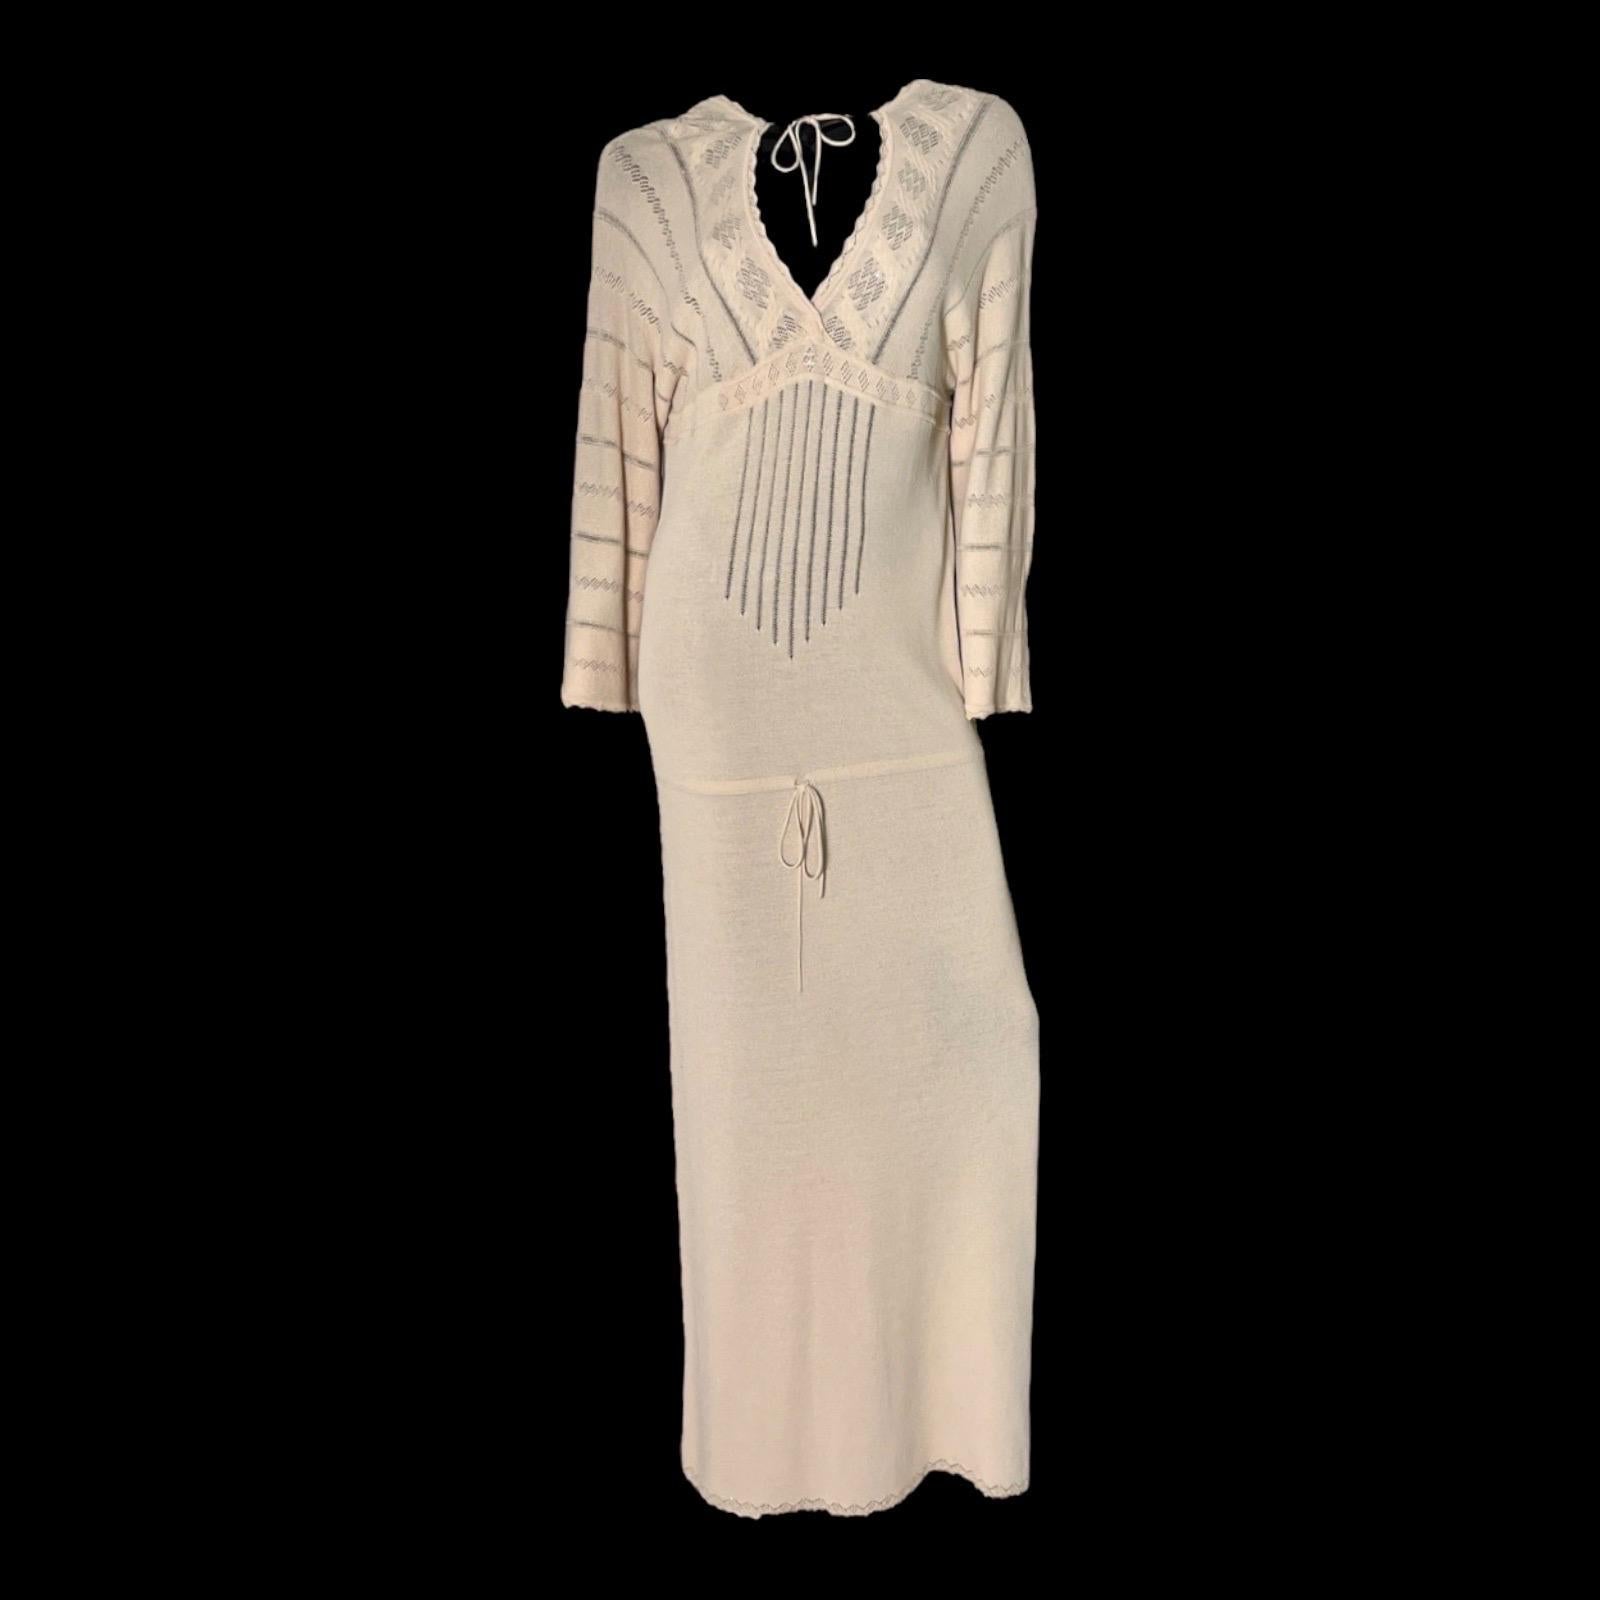 Stunning CHANEL maxi kaftan tunic dress
Knitted with beautiful details
CC logo plate in pink-gold color in front
So versatile - Wear it over your favourite bikini or swimsuit for a cool summer look or dress up for a night out
V-neck with adjustable
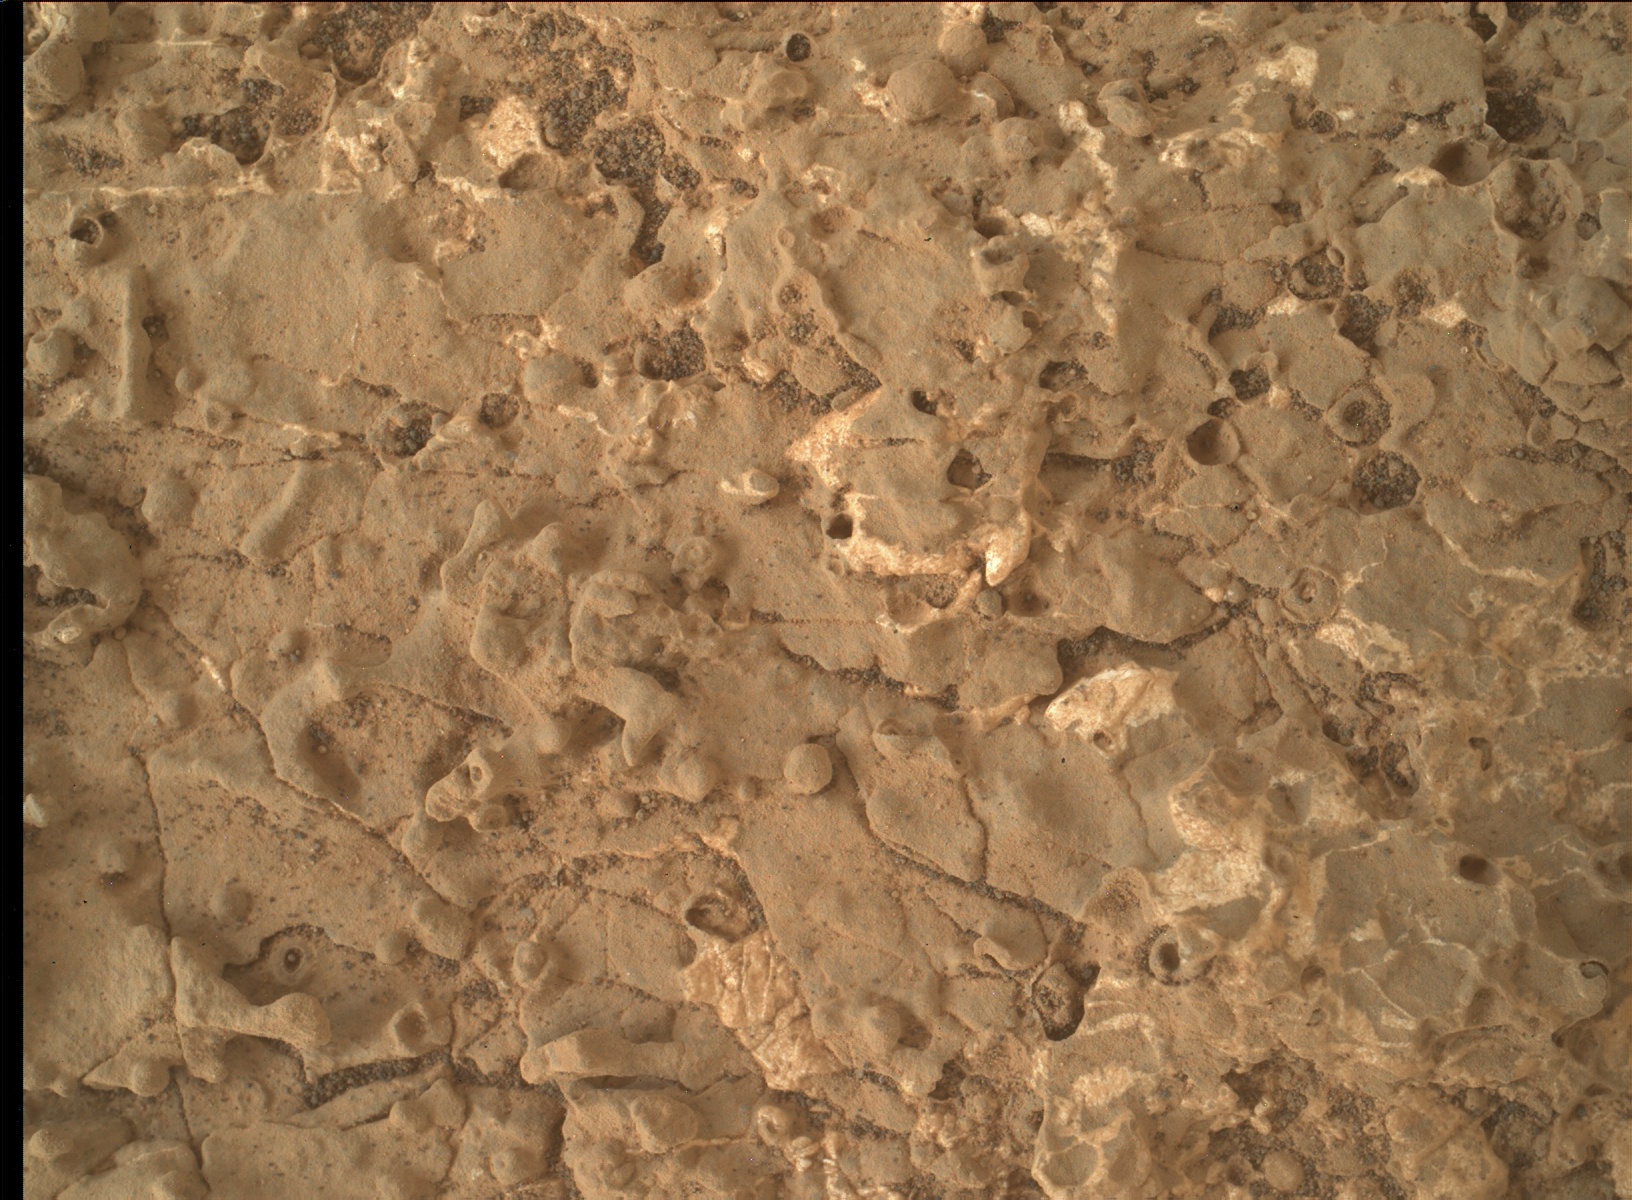 Nasa's Mars rover Curiosity acquired this image using its Mars Hand Lens Imager (MAHLI) on Sol 2660
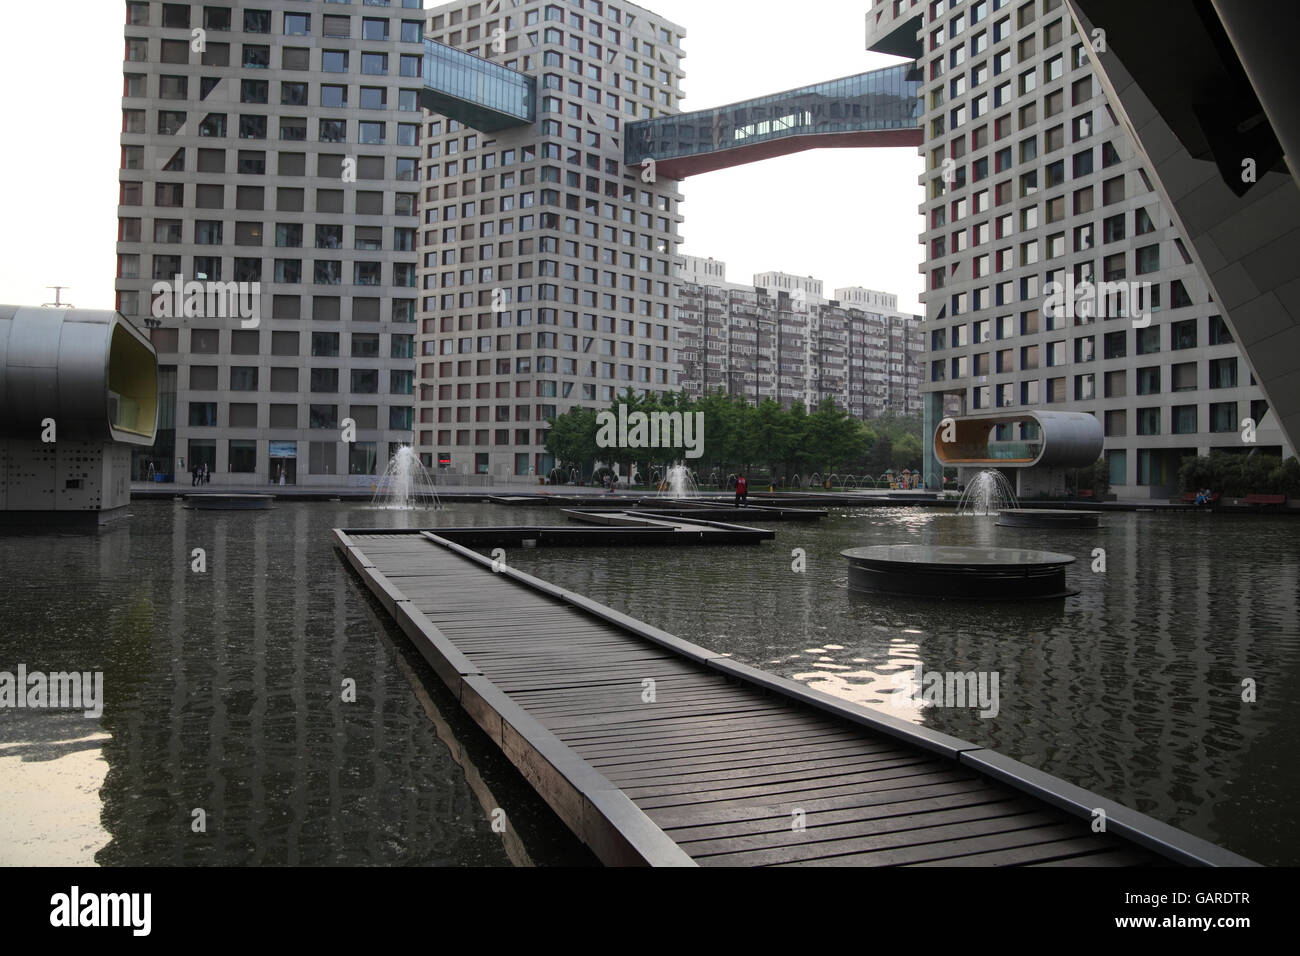 The Moma exclusive residential project designed by famed architect Steven Holl with a lake and covered bridges connecting the houses. Beijing, China. Stock Photo
= = =
■ Task instructions ■
Your answer must be the lines from the opening line of the entries through the line holding "V-neck with adjustable", written out exactly and without any picture.

■ Finished exercise ■
 Stunning CHANEL maxi kaftan tunic dress
Knitted with beautiful details
CC logo plate in pink-gold color in front
So versatile - Wear it over your favourite bikini or swimsuit for a cool summer look or dress up for a night out
V-neck with adjustable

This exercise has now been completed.